Exercise prompt: Below are records; count how many of their lines contain the word "centre" and give the number alone.

Working data:
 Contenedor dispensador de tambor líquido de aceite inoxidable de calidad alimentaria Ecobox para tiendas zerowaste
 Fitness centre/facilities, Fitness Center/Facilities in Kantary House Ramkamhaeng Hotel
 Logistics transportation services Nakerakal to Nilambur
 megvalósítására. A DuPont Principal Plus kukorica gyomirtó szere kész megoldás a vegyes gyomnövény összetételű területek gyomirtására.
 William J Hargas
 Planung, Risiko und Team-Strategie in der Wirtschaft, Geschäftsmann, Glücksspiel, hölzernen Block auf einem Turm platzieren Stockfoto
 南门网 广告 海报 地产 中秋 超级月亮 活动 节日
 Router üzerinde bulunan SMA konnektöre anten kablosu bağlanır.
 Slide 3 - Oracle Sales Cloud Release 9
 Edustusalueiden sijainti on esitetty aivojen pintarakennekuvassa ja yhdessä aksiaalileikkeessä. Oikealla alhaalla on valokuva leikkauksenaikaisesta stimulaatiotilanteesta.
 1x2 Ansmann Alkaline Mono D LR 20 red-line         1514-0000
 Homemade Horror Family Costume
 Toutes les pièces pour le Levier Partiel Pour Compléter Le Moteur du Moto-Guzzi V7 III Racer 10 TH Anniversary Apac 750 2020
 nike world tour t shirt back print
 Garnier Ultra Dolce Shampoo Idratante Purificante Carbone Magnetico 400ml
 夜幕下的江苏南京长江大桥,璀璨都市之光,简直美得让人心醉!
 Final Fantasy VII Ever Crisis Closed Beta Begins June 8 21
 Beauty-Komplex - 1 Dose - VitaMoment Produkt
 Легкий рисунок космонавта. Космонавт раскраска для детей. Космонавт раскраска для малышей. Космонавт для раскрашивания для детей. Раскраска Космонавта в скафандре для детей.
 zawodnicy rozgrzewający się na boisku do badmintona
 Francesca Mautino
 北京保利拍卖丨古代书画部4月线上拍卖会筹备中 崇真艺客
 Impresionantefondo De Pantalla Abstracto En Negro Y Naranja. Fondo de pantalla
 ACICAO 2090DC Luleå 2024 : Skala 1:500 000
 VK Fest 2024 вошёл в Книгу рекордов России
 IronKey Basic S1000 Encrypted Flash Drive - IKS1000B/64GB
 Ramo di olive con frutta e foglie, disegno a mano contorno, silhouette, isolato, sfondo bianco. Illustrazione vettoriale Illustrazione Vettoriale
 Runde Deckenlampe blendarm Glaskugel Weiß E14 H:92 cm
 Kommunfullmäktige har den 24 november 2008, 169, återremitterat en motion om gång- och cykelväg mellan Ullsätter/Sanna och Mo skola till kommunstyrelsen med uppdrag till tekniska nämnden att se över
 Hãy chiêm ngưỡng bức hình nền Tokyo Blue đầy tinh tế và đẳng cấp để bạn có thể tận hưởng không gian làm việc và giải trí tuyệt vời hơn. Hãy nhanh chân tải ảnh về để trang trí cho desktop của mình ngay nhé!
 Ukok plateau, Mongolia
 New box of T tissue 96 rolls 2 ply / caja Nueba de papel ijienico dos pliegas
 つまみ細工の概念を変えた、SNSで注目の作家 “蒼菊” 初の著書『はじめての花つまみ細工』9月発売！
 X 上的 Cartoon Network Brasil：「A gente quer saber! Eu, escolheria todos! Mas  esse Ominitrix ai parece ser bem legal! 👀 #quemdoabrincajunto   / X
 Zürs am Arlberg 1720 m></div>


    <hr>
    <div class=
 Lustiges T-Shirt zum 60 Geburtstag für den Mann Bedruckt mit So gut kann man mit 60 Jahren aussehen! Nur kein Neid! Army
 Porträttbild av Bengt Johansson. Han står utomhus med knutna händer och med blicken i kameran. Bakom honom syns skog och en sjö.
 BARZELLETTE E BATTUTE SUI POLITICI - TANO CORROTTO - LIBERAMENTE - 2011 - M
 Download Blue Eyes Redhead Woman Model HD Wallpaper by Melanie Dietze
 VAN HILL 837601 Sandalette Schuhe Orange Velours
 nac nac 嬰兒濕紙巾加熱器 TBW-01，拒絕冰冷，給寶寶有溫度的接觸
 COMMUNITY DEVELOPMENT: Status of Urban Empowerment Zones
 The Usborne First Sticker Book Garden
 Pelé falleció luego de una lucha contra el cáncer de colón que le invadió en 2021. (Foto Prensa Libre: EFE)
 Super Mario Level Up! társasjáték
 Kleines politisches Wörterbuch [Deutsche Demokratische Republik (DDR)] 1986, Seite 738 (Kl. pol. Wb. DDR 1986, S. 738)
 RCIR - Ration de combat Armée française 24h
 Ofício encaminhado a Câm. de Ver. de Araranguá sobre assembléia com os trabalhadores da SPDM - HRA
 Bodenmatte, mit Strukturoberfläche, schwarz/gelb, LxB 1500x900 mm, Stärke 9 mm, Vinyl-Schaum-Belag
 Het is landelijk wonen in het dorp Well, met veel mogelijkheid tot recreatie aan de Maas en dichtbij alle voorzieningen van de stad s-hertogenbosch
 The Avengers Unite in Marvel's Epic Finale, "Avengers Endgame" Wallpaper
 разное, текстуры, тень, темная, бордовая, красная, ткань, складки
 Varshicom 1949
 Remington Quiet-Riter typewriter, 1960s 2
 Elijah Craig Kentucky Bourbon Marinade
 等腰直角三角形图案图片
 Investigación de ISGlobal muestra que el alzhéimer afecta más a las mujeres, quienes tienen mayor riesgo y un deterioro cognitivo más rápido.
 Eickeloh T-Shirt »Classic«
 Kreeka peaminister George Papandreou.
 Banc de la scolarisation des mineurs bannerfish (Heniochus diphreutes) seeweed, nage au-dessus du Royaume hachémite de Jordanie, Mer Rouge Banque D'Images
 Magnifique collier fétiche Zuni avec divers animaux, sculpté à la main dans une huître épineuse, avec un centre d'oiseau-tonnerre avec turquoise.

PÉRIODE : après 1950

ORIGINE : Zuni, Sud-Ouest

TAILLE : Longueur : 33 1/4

Answer for the task: 2